Incidentally, Swedish price inflation also accelerated, although it is still below the Riksbank's 2% target. But as excessive Swedish money supply growth causes other imbalances, more interest rate hikes will be needed in Sweden too.


Blogger Flavian said...


7:11 PM  
Blogger Flavian said...

The fact that inflationary tendencies make tighter monetary policies necessary may ver well as you point out drive the excahnge rate upwards temporarily.

That might make inflation seem lower than it really is. One year ago the price of one Big Mac in the UK was £1,88. Today the price is £1,99 or an increase of nearly 5,9%.

In 1974 the price of one Big Mac in the UK was £0,45. If the price would still have been £0,45 and relative prices had changed identically to what is actually the case, the 2006 CPI would still be 40-45% higher than the 1974 CPI.

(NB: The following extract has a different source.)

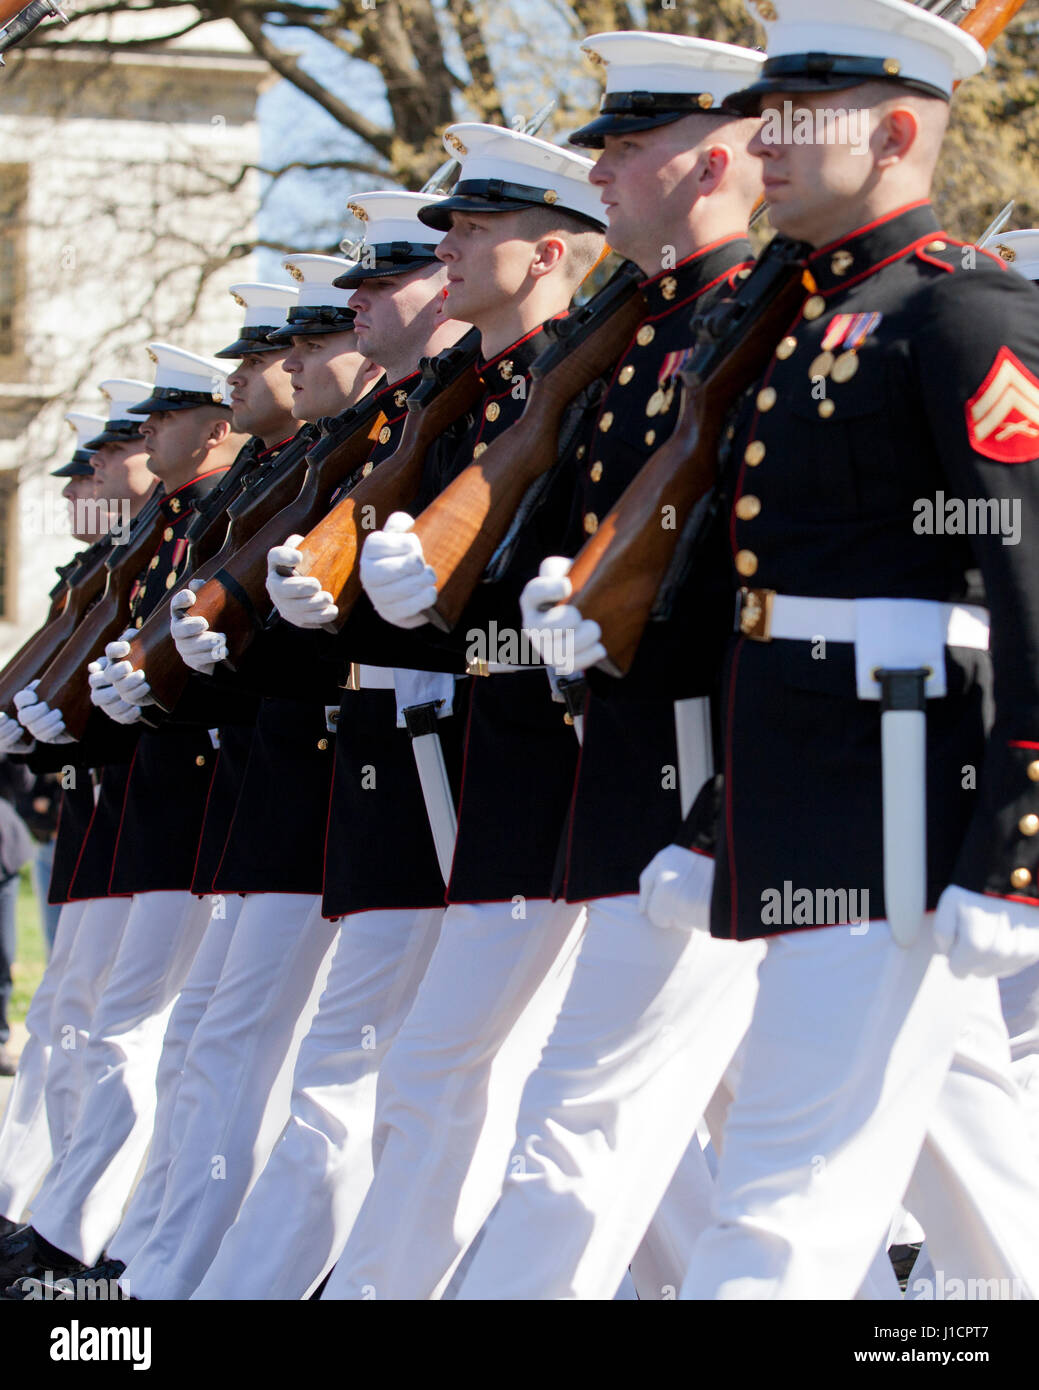 Garde d'honneur de l'US Marine Corps marchant au cours de parade - USA Banque D'Images

That indicates that the relative price of a Big Mac is dropping gradually and it also indicates that the British inflation rate is in reality even higher than 5,9%.

This is the problem in a nutshell: High inflation requires tight money and expectations about tight money make the real excahnge rate climb with the result that the conventional CPI sometimes under-estimates the "true" inflation rate very much.

However the Big Mac seems to give much more adequate information about the "true" inflation rate.

7:20 PM  
Blogger Flavian said...

Another tragic example of modern British inflationism is that the price of one copy of the Economist was 8½d. for decades prior to WW1. After WW1 the price was raised to 1s., in the 1950:s the price was raised to 1s.6d., in the 1960 the price was raised first to 2s. and then to 2s.6d. In 1970 the price was raised two times. The first time from 2s.6d. to 3s. and the second time to 4s. In 1979 the price had risen to £0,60 or 12 shillings. In 1989 the price was £1,50 or 30 shillings and the last time I checked it the price in Gibraltar was £3,10 or 62 shillings! (The Gibraltar pound is at par with sterling.)

Now if Britain has lost it's role as the world's leading industrial nation it is certainly not related to any lack of £/s/d!